*** Opening of The data ***

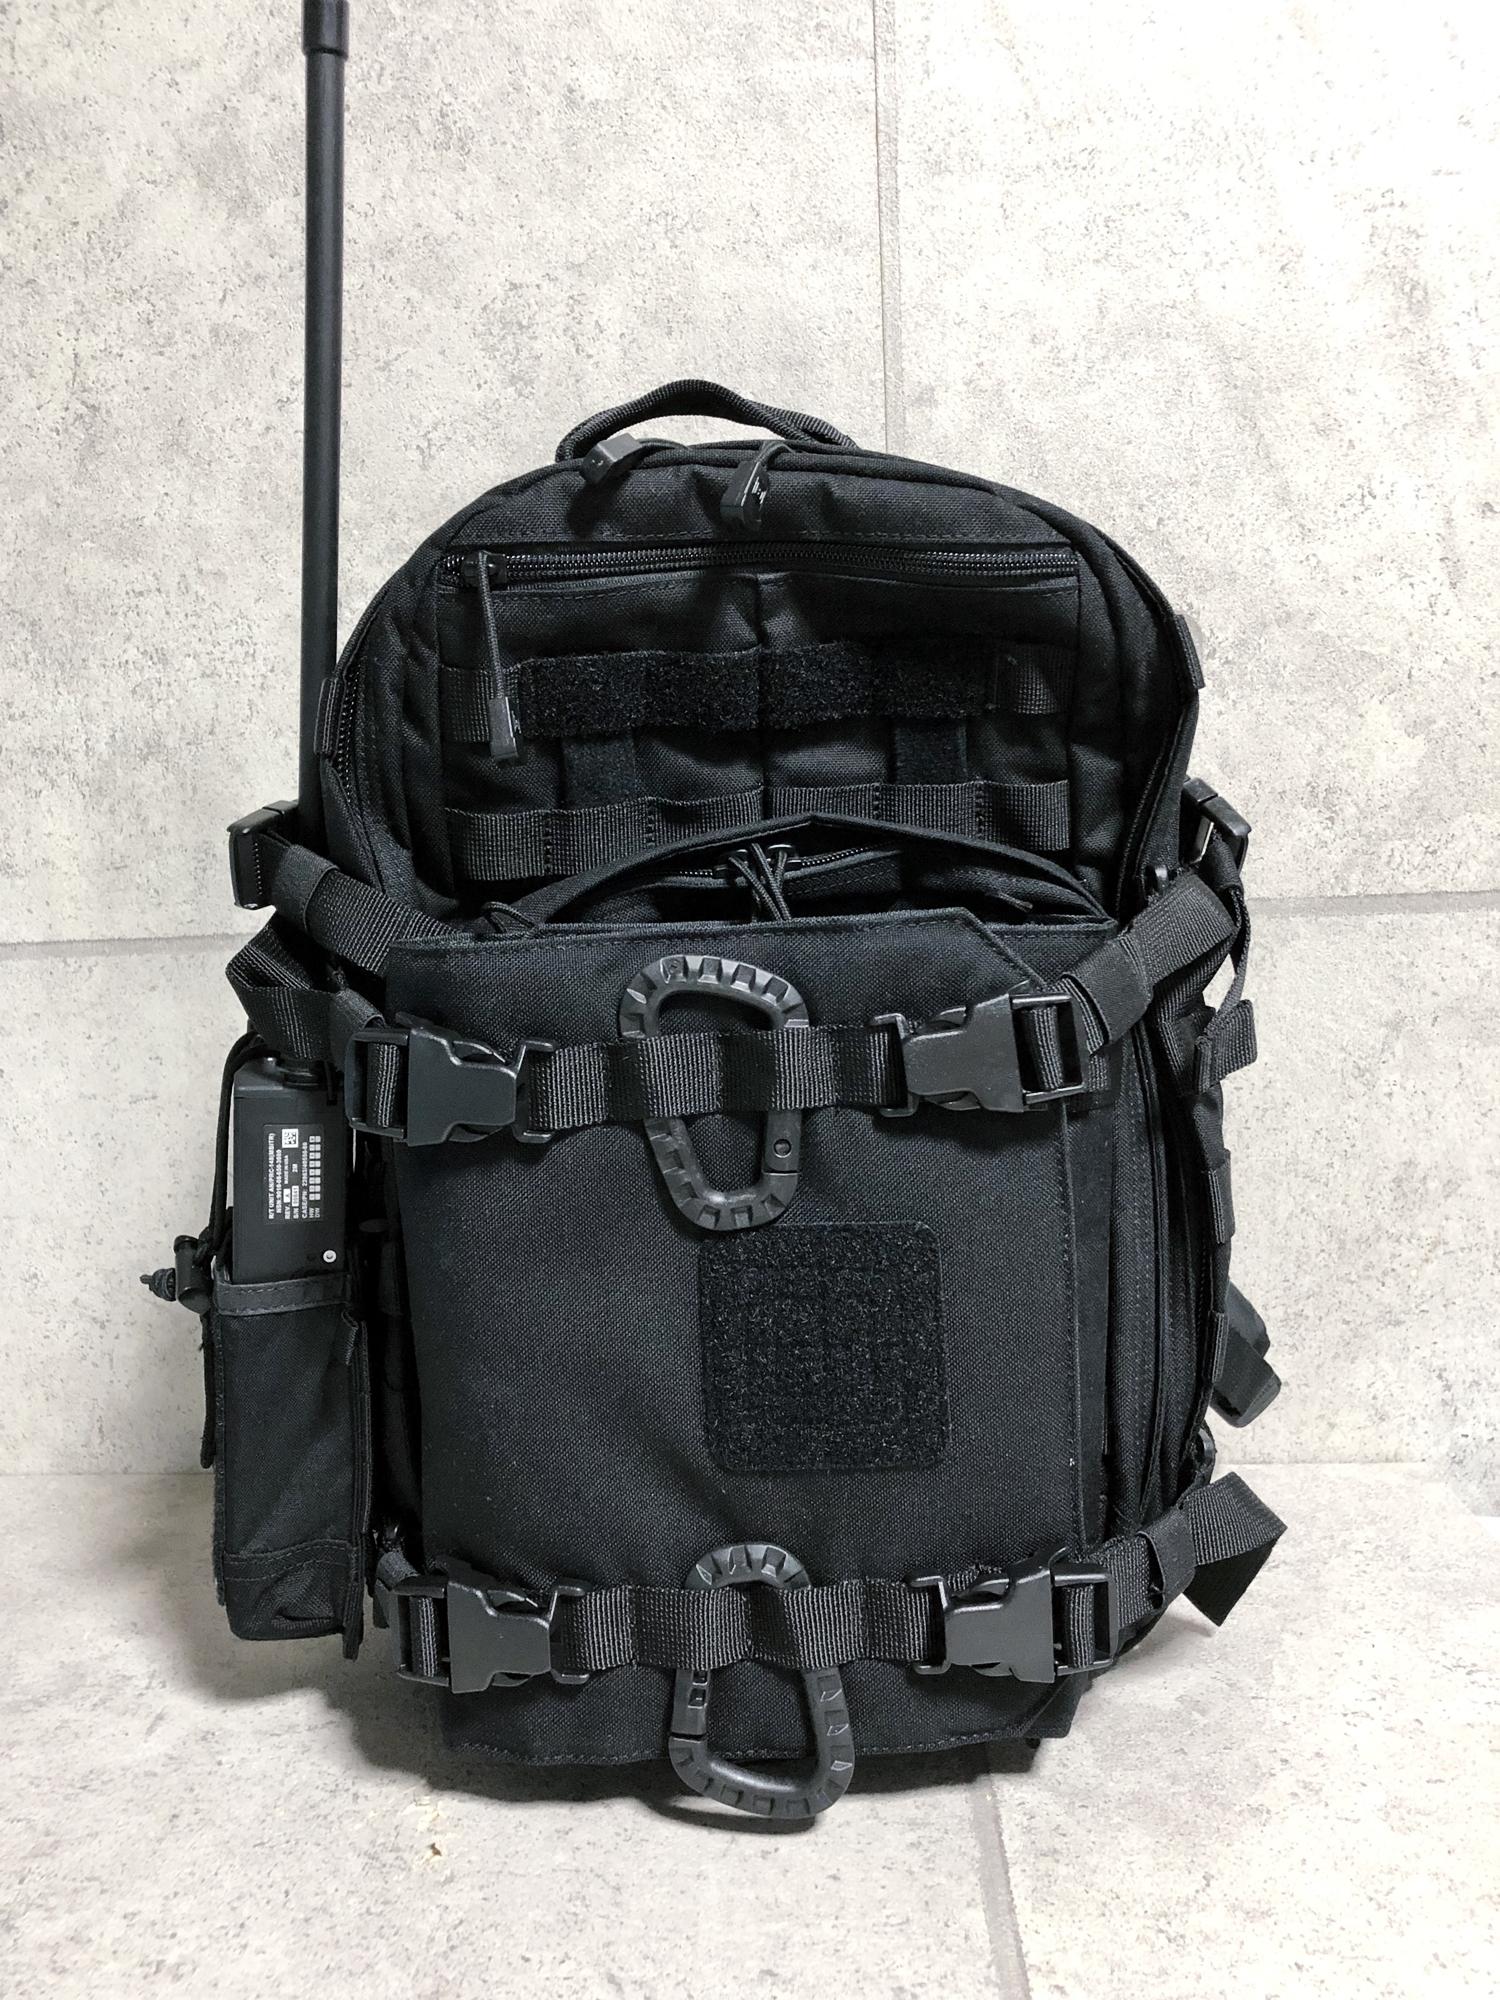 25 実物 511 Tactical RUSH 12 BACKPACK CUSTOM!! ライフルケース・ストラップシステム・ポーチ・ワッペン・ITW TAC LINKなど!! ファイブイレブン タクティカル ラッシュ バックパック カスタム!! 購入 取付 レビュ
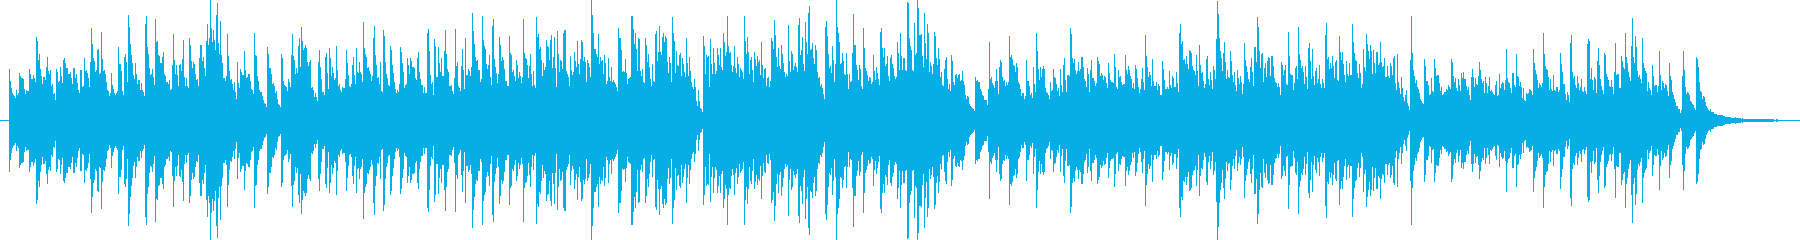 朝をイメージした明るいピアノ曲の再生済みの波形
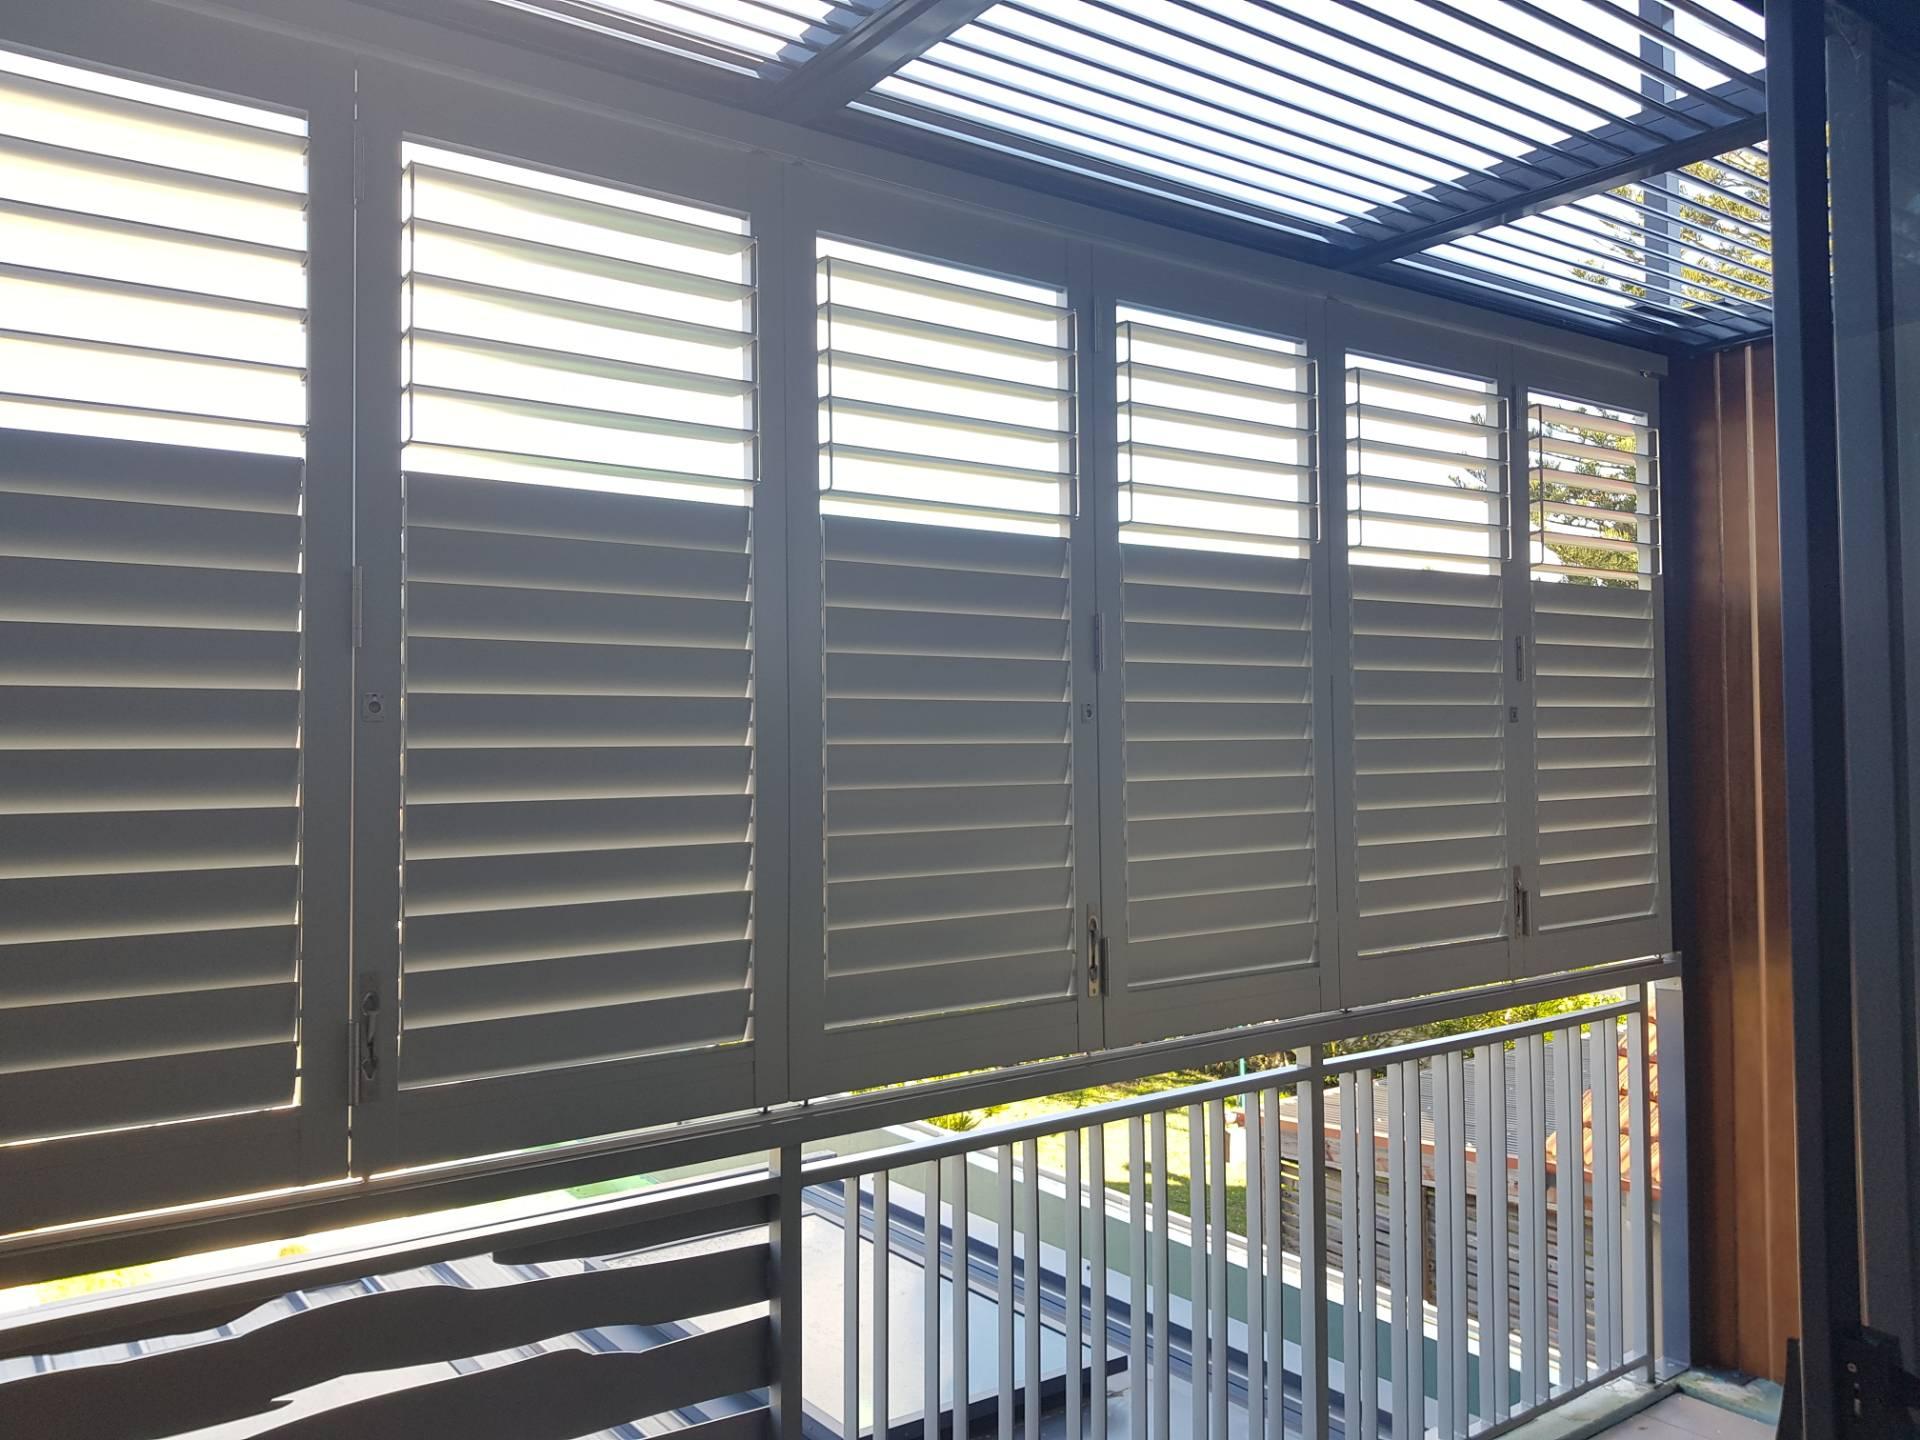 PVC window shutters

*** Close of The data ***

_The task:_ Nothing but an exact copy of the data, without pictures, should be returned.

_Problem solution:_
 25 実物 511 Tactical RUSH 12 BACKPACK CUSTOM!! ライフルケース・ストラップシステム・ポーチ・ワッペン・ITW TAC LINKなど!! ファイブイレブン タクティカル ラッシュ バックパック カスタム!! 購入 取付 レビュ
 朝をイメージした明るいピアノ曲の再生済みの波形
 PVC window shutters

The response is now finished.